第17章「かげ」 1-1 にじり口
第17章「かげ」
1
多忙の合間を縫い、かろうじて無理やり作った時間に帝都の路地裏を訪れたルートヴァン。そのまま次元回廊を通り、「オッサン」のほうのマーラルが居るはずの、無何有の里を訪れた。
皇帝府への報告や諸届出へ自ら出向いた出張の際の、ほんの1時間ほどの休息時間の最中だった。
変わらぬ小春日和が永遠に続く穏やかな空間で、ルートヴァンは草萌えるなだらかな丘をこえ、さわやかな風の吹き抜ける泉のほとりの庵に向かった。
前回、訪れた時は、マーラルは庵の側の籐の長椅子にひっくり返り、酔いつぶれて寝ていた。
だが、今回はそこにはいなかった。卓の上に、酒瓶もない。
(いない……か……?)
ルートヴァンが目元を細めた。当然のこと、ここへ来る前に古書店の無楽堂へ寄っているが、閉まっていた。それゆえ、ここに来たのだが……。
念のため近づいて、庵の入り口を探した。
(待て……留守なのに、ここに部外者が入ることができるのか? なんと不用心な……)
「いるよ。こっちだ」
庵から声がして、ルートヴァンがホッとした。
「どこから入るので?」
「ここだよ」
壁の地面の近くに空いた穴? から、掌だけが見えた。手招いている。
「な……なんですか、ここは……出入口ですか?」
ルートヴァンが、身をかがめて云った。ただの穴ではなく、壁が四角く切り取られ、木枠と引き戸もついている。
「躙り口だよ。履き物を脱げよ」
「履き物……靴を?」
「中はイェブ=クィープの様式なものでね、土足厳禁だ」
「はあ……」
「杖は壁にでも立てかけておけ」
「わかりました」
ルートヴァンが杖をそこらに立てかけ、這うようにして躙り口より室内に入った。
「これは……どういう意味があるので?」
初めての体験で、ルートヴァンが苦笑してそう云った。
「この部屋の中は、身分の上下が無いんだ。王も平民も、這いつくばって入るんだよ」
「なるほど……?」
なんのこっちゃ……と思いつつ、小さな窓より光が入るだけの薄暗い室内で、ルートヴァンが畳のような硬い敷物の上に胡坐をかいて座った。

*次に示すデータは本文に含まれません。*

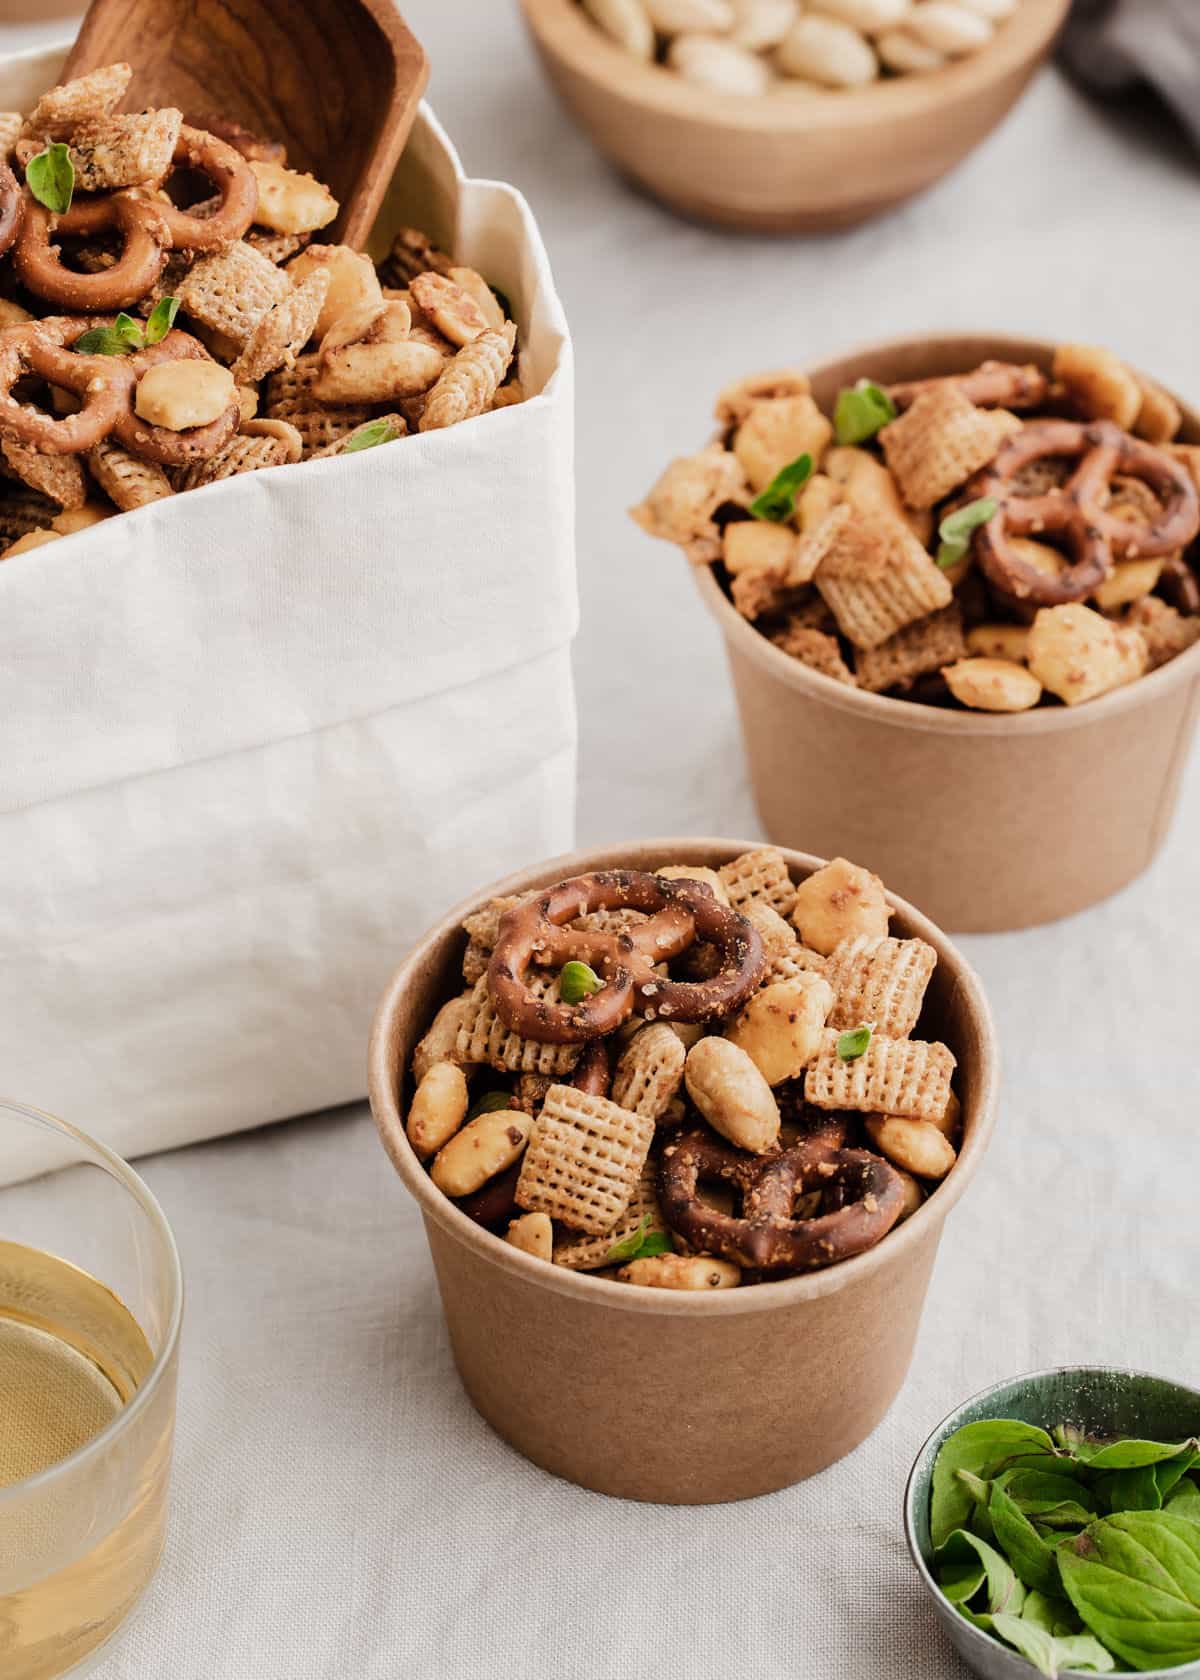 small brown snack cups filled with Chex mix on table with white bag full of more snack mix in background.

「本来なら、堅苦しい様式の茶をのむ儀式があるんだが……私もよく分からん」
正座のマーラルがそう云って、抹茶を差し出した。
「はあ」
茶を飲むのに儀式が必要とは……イェブ=クィープとは不思議なところだと思い、ルートヴァンが出された土色の陶器の茶碗を持った。

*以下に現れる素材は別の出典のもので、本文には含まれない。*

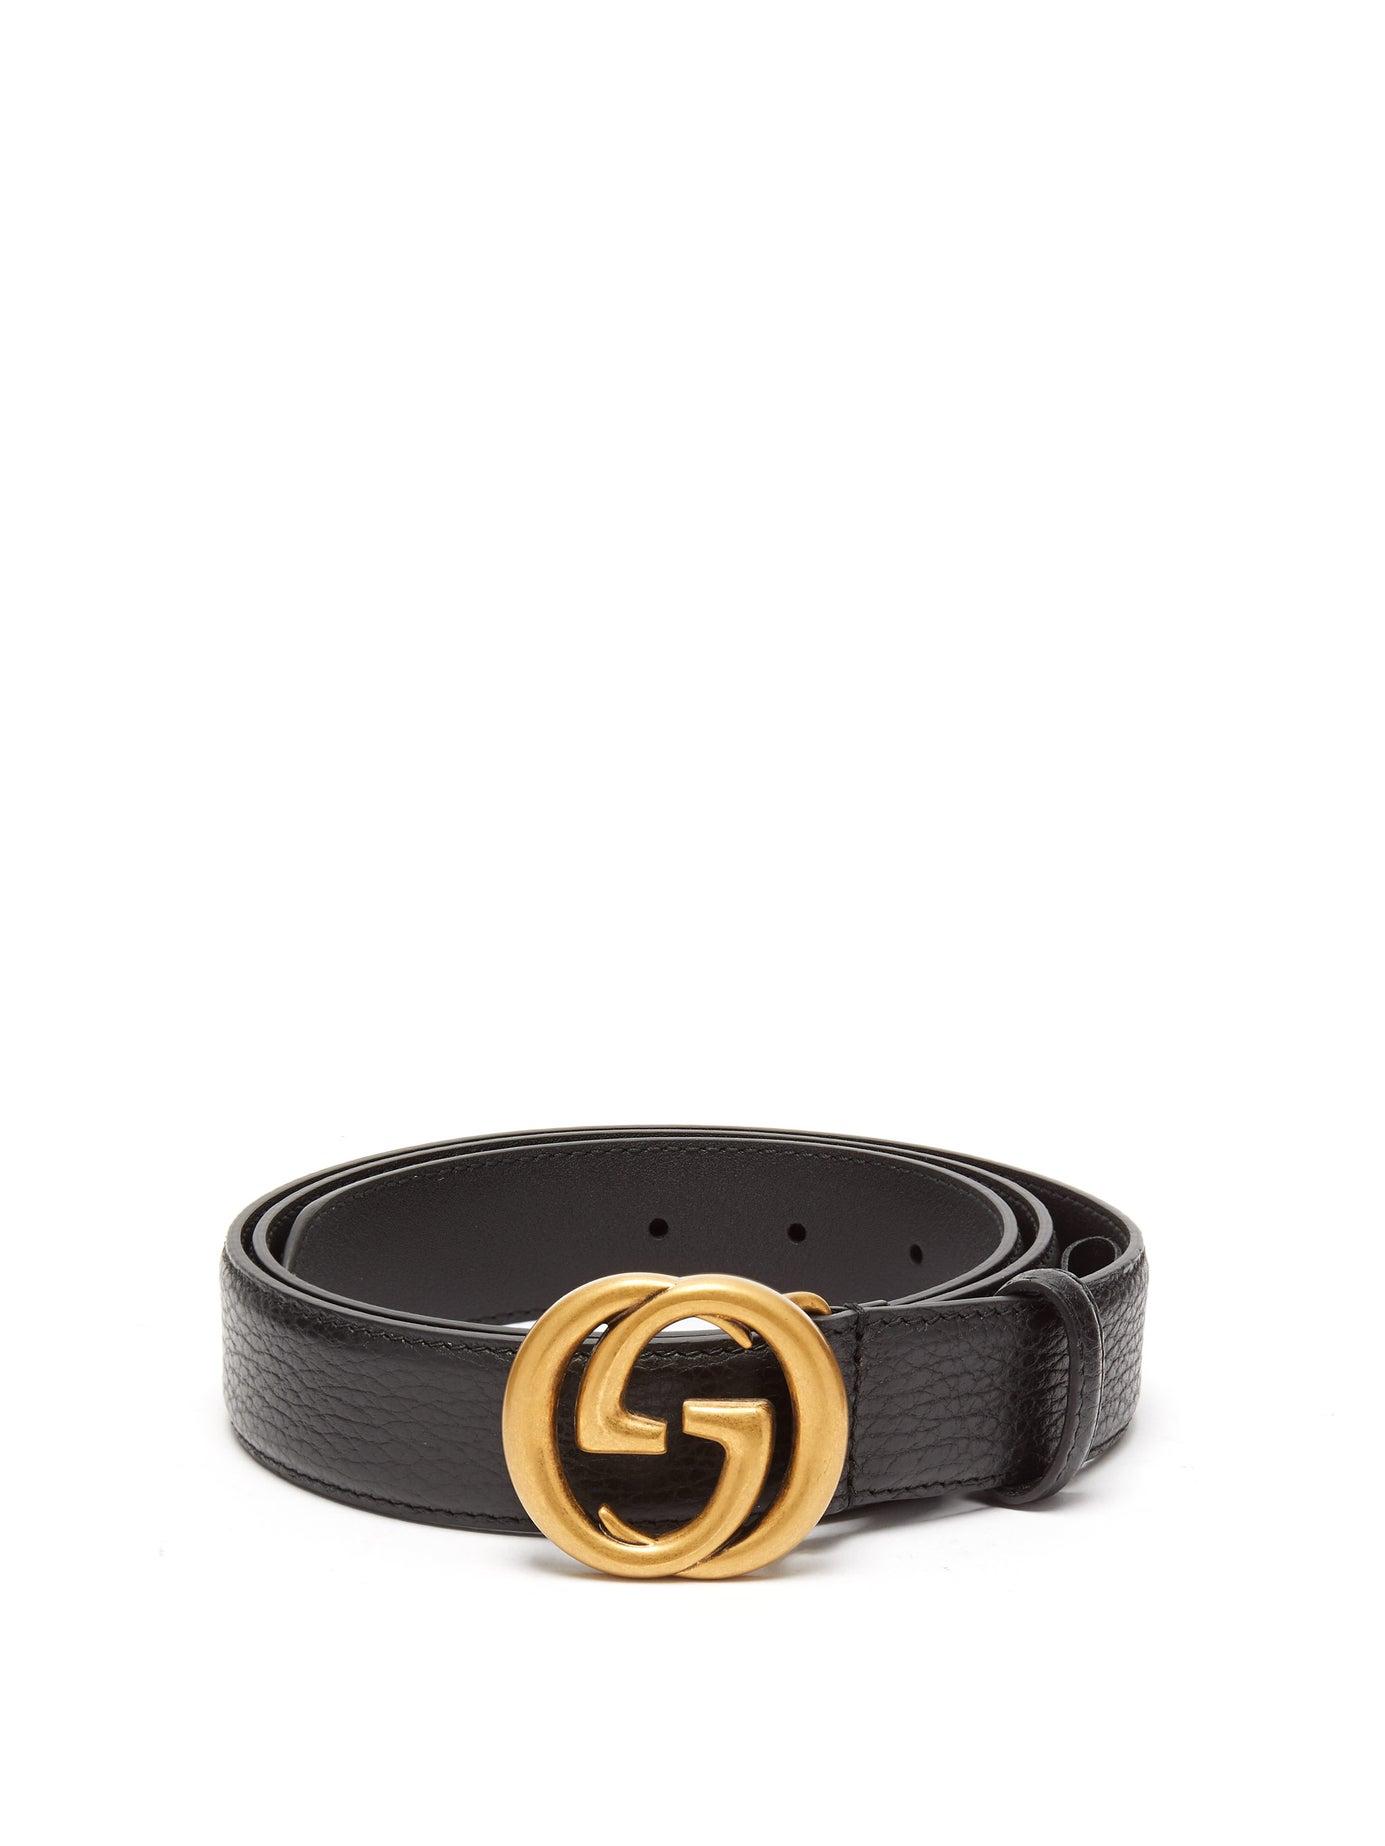 Gucci Gg Grained-leather Black Belt for Men - Lyst

イヌか何かが水を飲むような粗末な茶碗にしか見えなかったが、中の泡だった緑色の液体は良い香りで美しいと思った。
そのまま片手で椀をもって、ゴクゴクと飲み干した。
「うまいかね」
「ええ……まあ、はい。不思議な味ですが……まずくはないです」
「そうかい」
マーラルが苦笑。
「ちなみに、その茶碗は700万トンプする」
「えッッ!!!!」
ルートヴァンが椀を落としそうになり、あわてて両手で支えた。金額に驚いたというより、
(こ……このイヌの水飲みが700万……!?!?)
その価値観に驚いた。
「さしものルートヴァン代王も、魂消たようだな」
楽しそうにマーラルが笑った。
「御戯れを……!」
恐ろし気に茶碗を返して、ルートヴァンが眉をひそめた。
「ま、人の価値観や美の基準など、そんなもんだよ。さて……」
水差しの水で茶椀を洗い清めながら、マーラル、改まって、
「かつて私が亜空間に封印した魔導都市マーラルを完全に滅してくれ、感謝に堪えない。礼を云う。この通りだ」
マーラルが深々と頭を下げ、ルートヴァンが意表を突かれて戸惑った。
「な……何をおっしゃる、全て異次元魔王様の御力にて……私どもだけでは、とうてい成し得なかったことにて」
「御主を通して、ストラ殿に礼を云っておるのだよ」
「はい……」
マーラルも足を崩し、寛ぎながら、今度は酒瓶を取り出した。